# Retrofitting attic baffles



## Nealtw (Jun 22, 2017)

12" x 48" 1/4 plywood nail a 1x1 x 48" on each side and hope you miss nails on the way down, years ago they called for every third bay. Missing one here and there may not be the end of the world.


----------



## brendelac (Sep 19, 2014)

Nealtw said:


> 12" x 48" 1/4 plywood nail a 1x1 x 48" on each side and hope you miss nails on the way down, years ago they called for every third bay. Missing one here and there may not be the end of the world.


Thanks. With the styrofoam baffles, they get stapled to the underside of the roof deck. What would be the best way to secure a plywood baffle?


----------



## Nealtw (Jun 22, 2017)

brendelac said:


> Thanks. With the styrofoam baffles, they get stapled to the underside of the roof deck. What would be the best way to secure a plywood baffle?

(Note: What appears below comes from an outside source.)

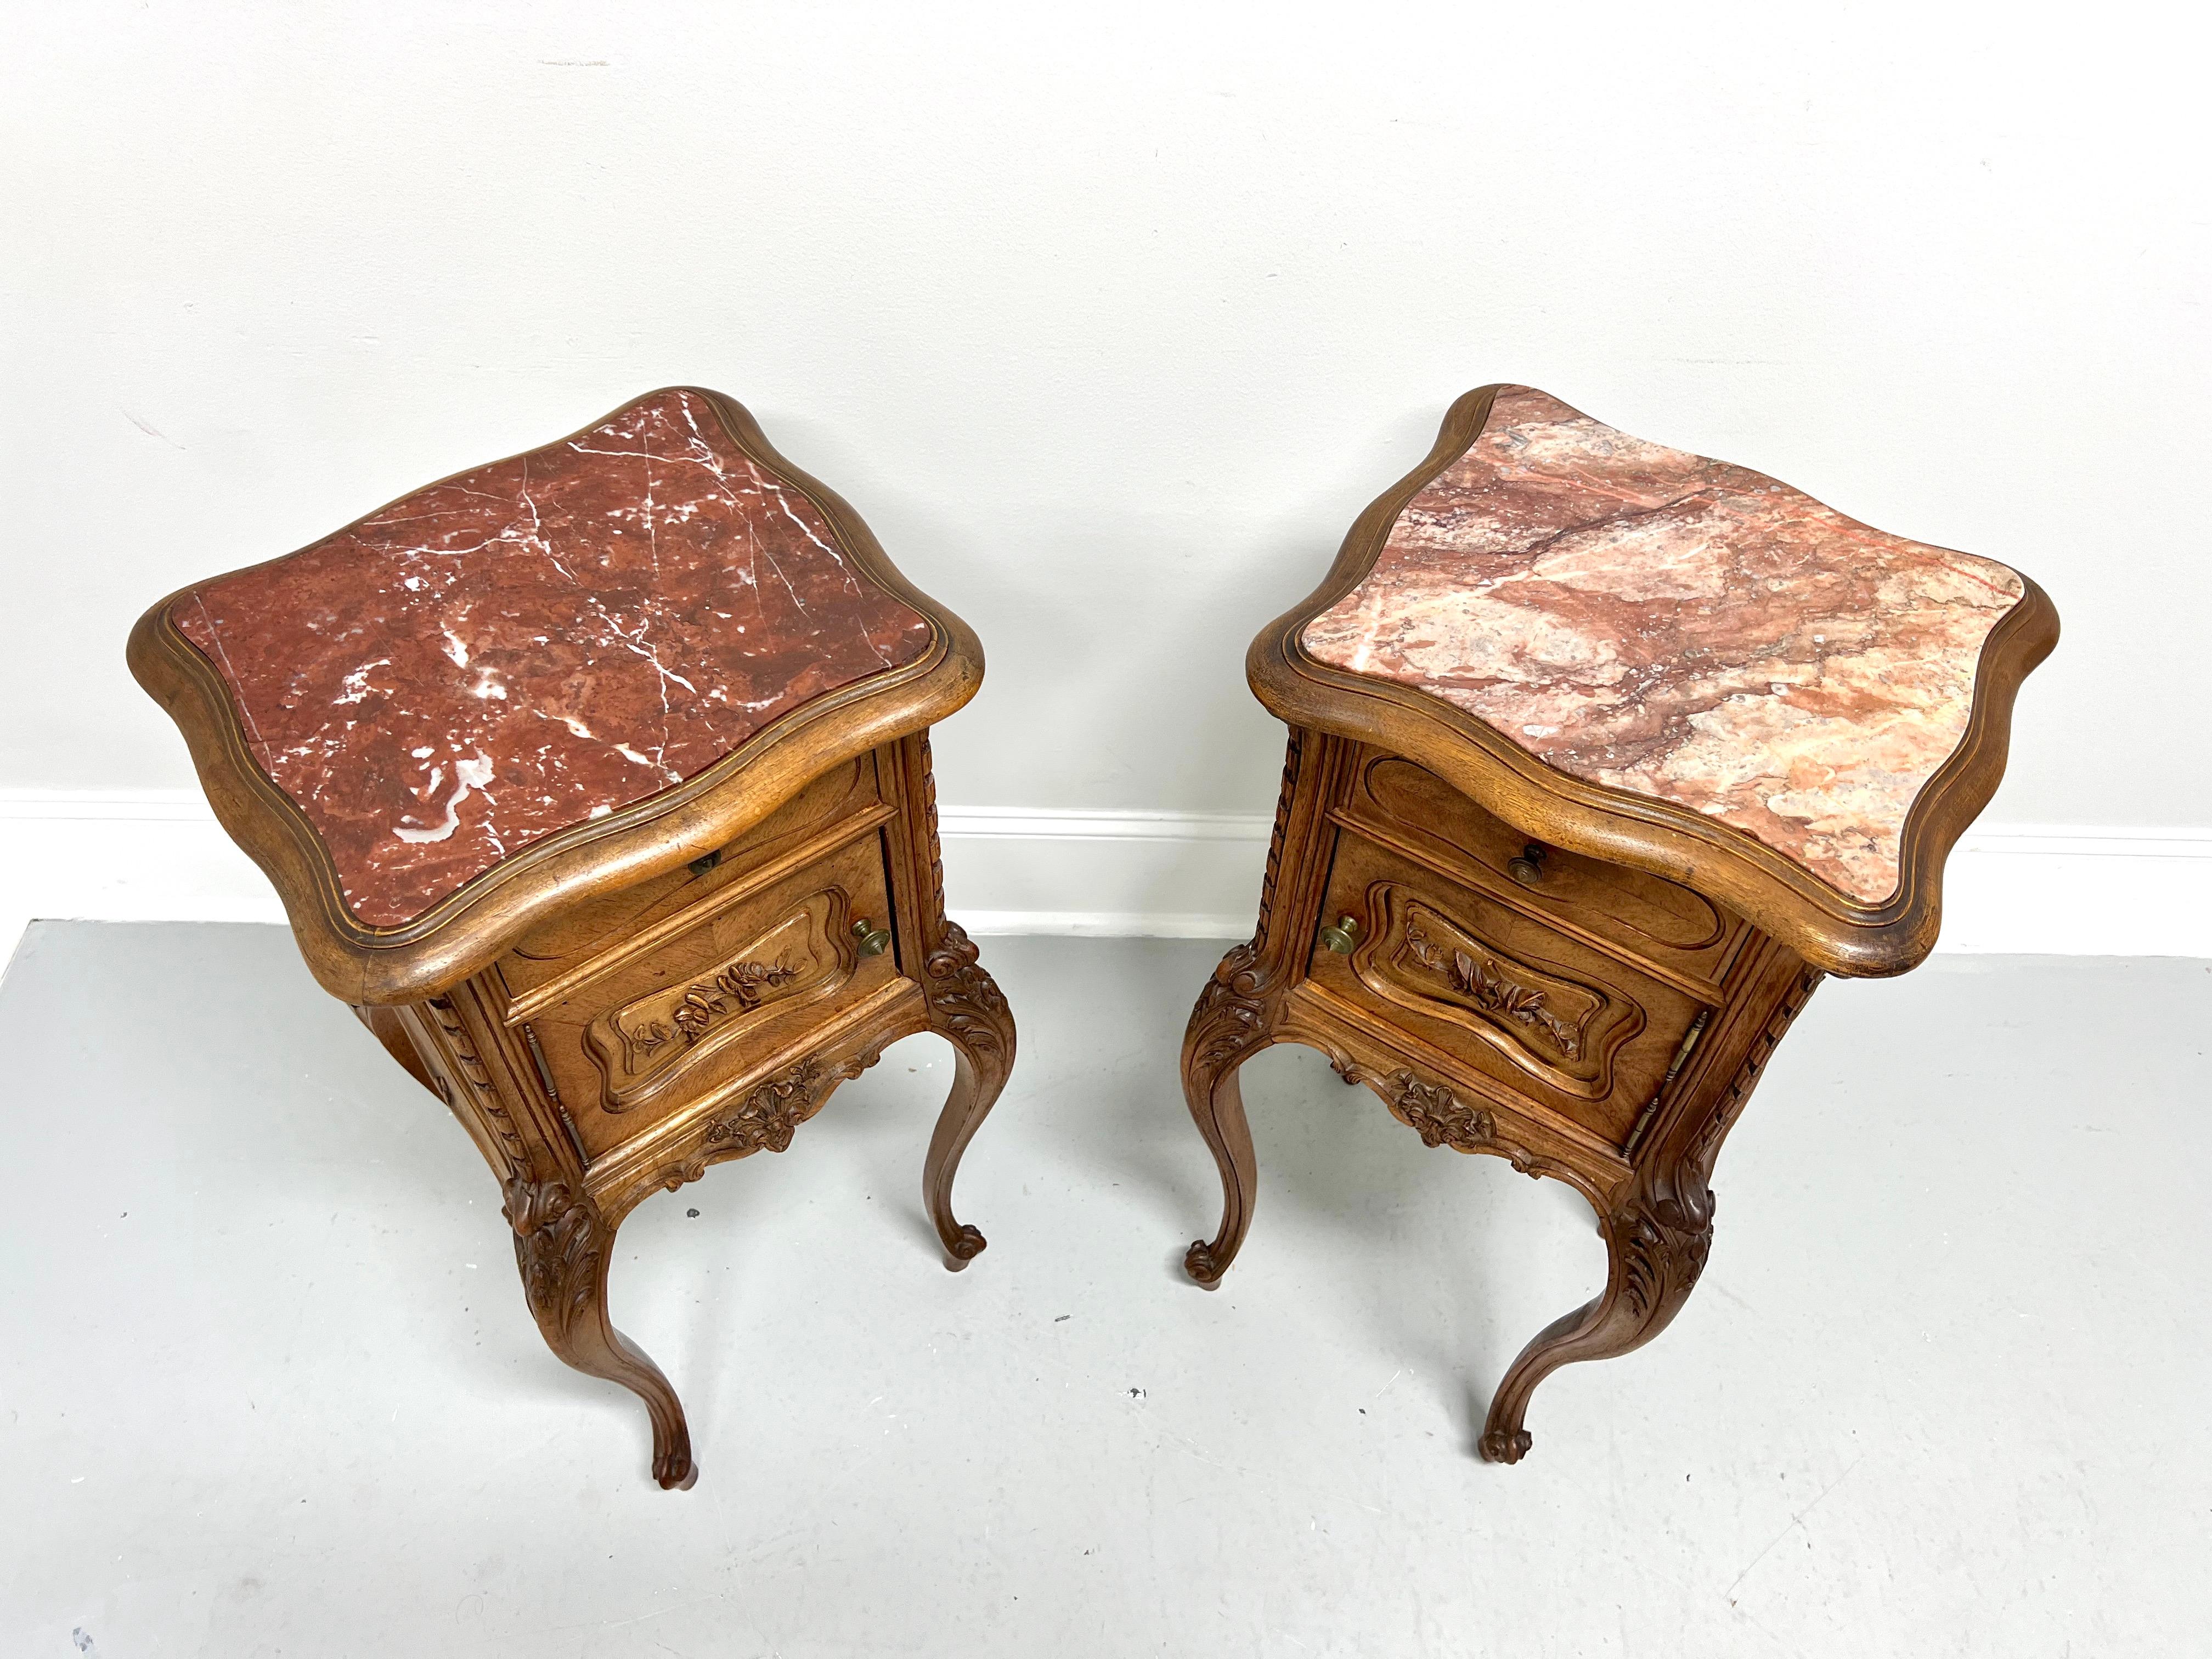 A pair of antique Early 20th Century French Country Louis XV style marble top commodes, unbranded. Chestnut with inset pink marble top, serpentine shape to bevel edge top, elaborately carved details, brass hardware, tall cabriole legs, and scroll

The bottom end should be held up with insulation just drive a screw into the sheeting at the top just make sure they don't come out the top of the roof. On new house they just staple the top and stuff batt insulation above the wall to hold it in place and block the hole so loose insulation does not fall out.


----------



## brendelac (Sep 19, 2014)

Nealtw said:


> The bottom end should be held up with insulation just drive a screw into the sheeting at the top just make sure they don't come out the top of the roof. On new house they just staple the top and stuff batt insulation above the wall to hold it in place and block the hole so loose insulation does not fall out.

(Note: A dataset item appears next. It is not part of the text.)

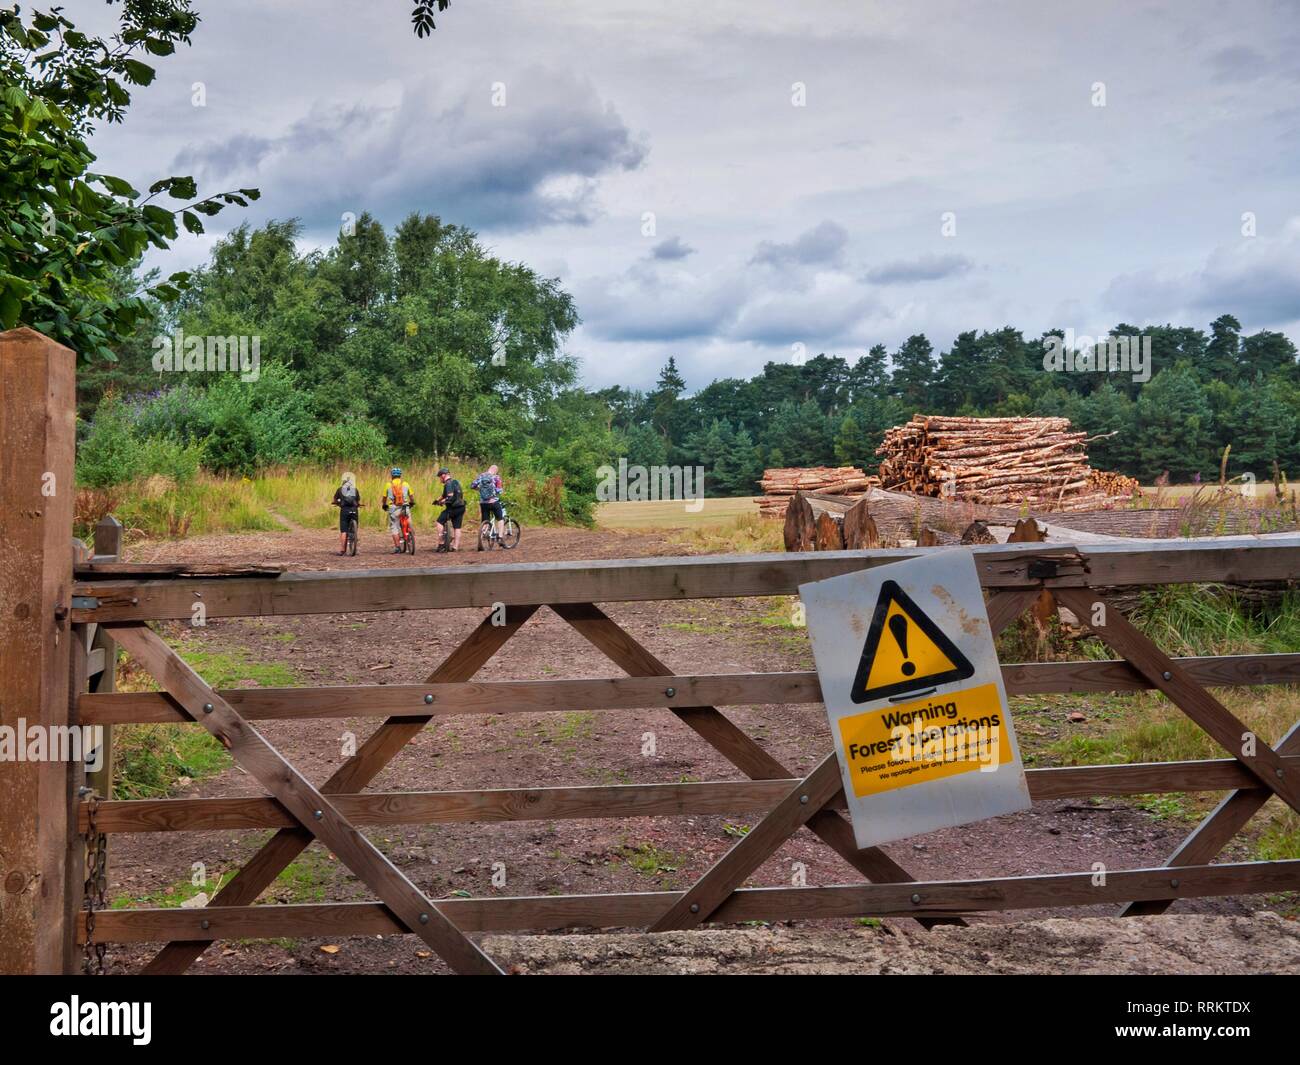 Mountain bikers ignore signs warning of forest operations in the surrounding area. Stock Photo

OK. I'm a bit hesitant to use screws, but I'll figure something out. I found a youtube video with the same idea, although he doesn't mention securing it the roof deck and I don't really understand what's he's done with the push stick idea and how it removes once installed.


----------



## Nealtw (Jun 22, 2017)

See the duct on the left, the sheet metal guys make these flat things and put them between joists on an angle and tap them into place. they bite into the wood and hold the duct up..


----------



## brendelac (Sep 19, 2014)

Nealtw said:


> See the duct on the left, the sheet metal guys make these flat things and put them between joists on an angle and tap them into place. they bite into the wood and hold the duct up..


That would work too, thanks. I was thinking if I made them to the exact width of the trusses that I could fasten them to the trusses rather than to the roof, but then I would lose the ability of shifting them side-to-side to avoid the roofing nails. 

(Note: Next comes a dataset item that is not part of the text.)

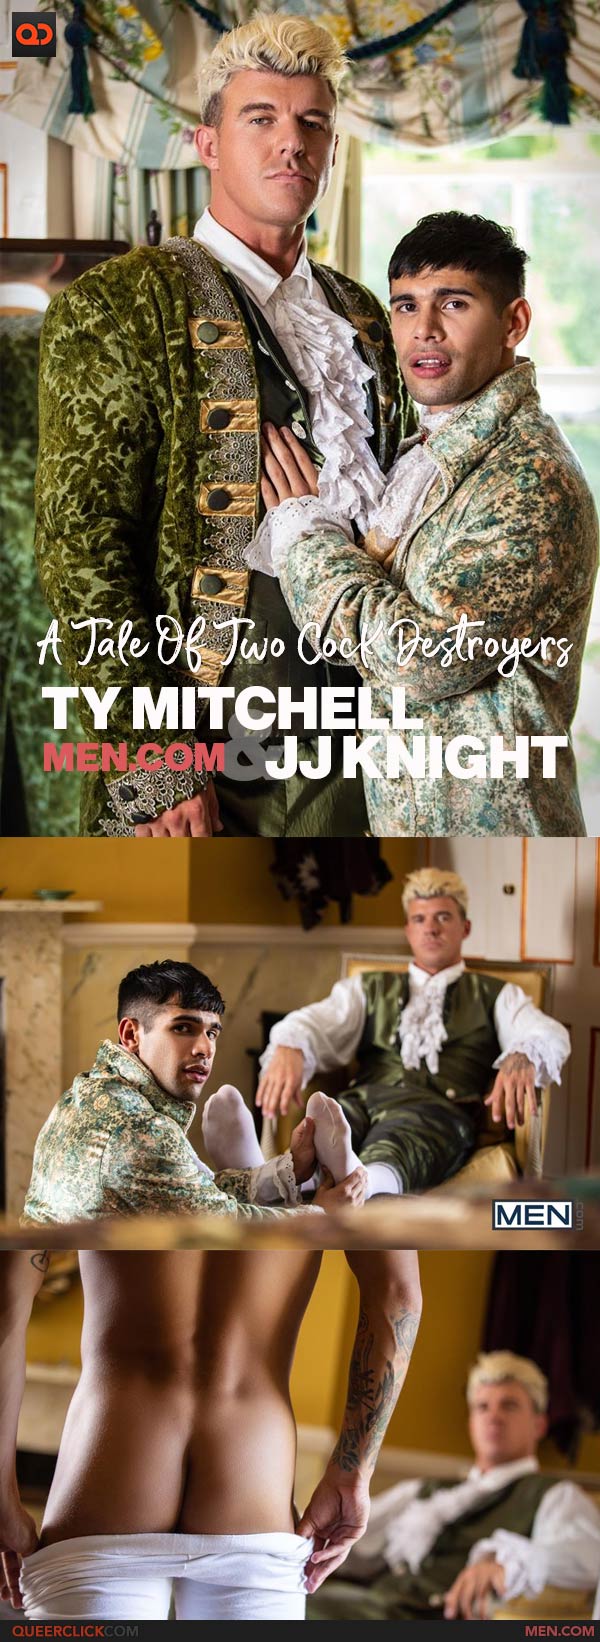 Men.com: A Tale Of Two Cock Destroyers Episode 1 – JJ Knight and Ty Mitchell

Do I need to use foam sealant around the soffit end of the baffle?


----------



## Nealtw (Jun 22, 2017)

brendelac said:


> That would work too, thanks. I was thinking if I made them to the exact width of the joists that I could fasten them to the joists rather than to the roof, but then I would lose the ability of shifting them side-to-side to avoid the roofing nails.
> 
> *Do I need to use foam sealant around the soffit end of the baffle*?


 No you are doing this for air flow a little extra won't hurt.


----------



## Nealtw (Jun 22, 2017)

brendelac said:


> That would work too, thanks. I was thinking if I made them to the exact width of the trusses that I could fasten them to the trusses rather than to the roof, but then I would lose the ability of shifting them side-to-side to avoid the roofing nails.
> 
> Do I need to use foam sealant around the soffit end of the baffle?


I have seen one other thing used. The guy used the light weight 2" pvc they use for built in vacuums, he cut them in half length ways and put a bunch of these half pipes in. Just a thought when nothing else works,


----------



## brendelac (Sep 19, 2014)

Nealtw said:


> I have seen one other thing used. The guy used the light weight 2" pvc they use for built in vacuums, he cut them in half length ways and put a bunch of these half pipes in. Just a thought when nothing else works,


Options are a good thing. Thanks again.


----------



## Bud9051 (Nov 11, 2015)

Building your own baffles is a common practice and can provide a little more vent space than the pre-built ones.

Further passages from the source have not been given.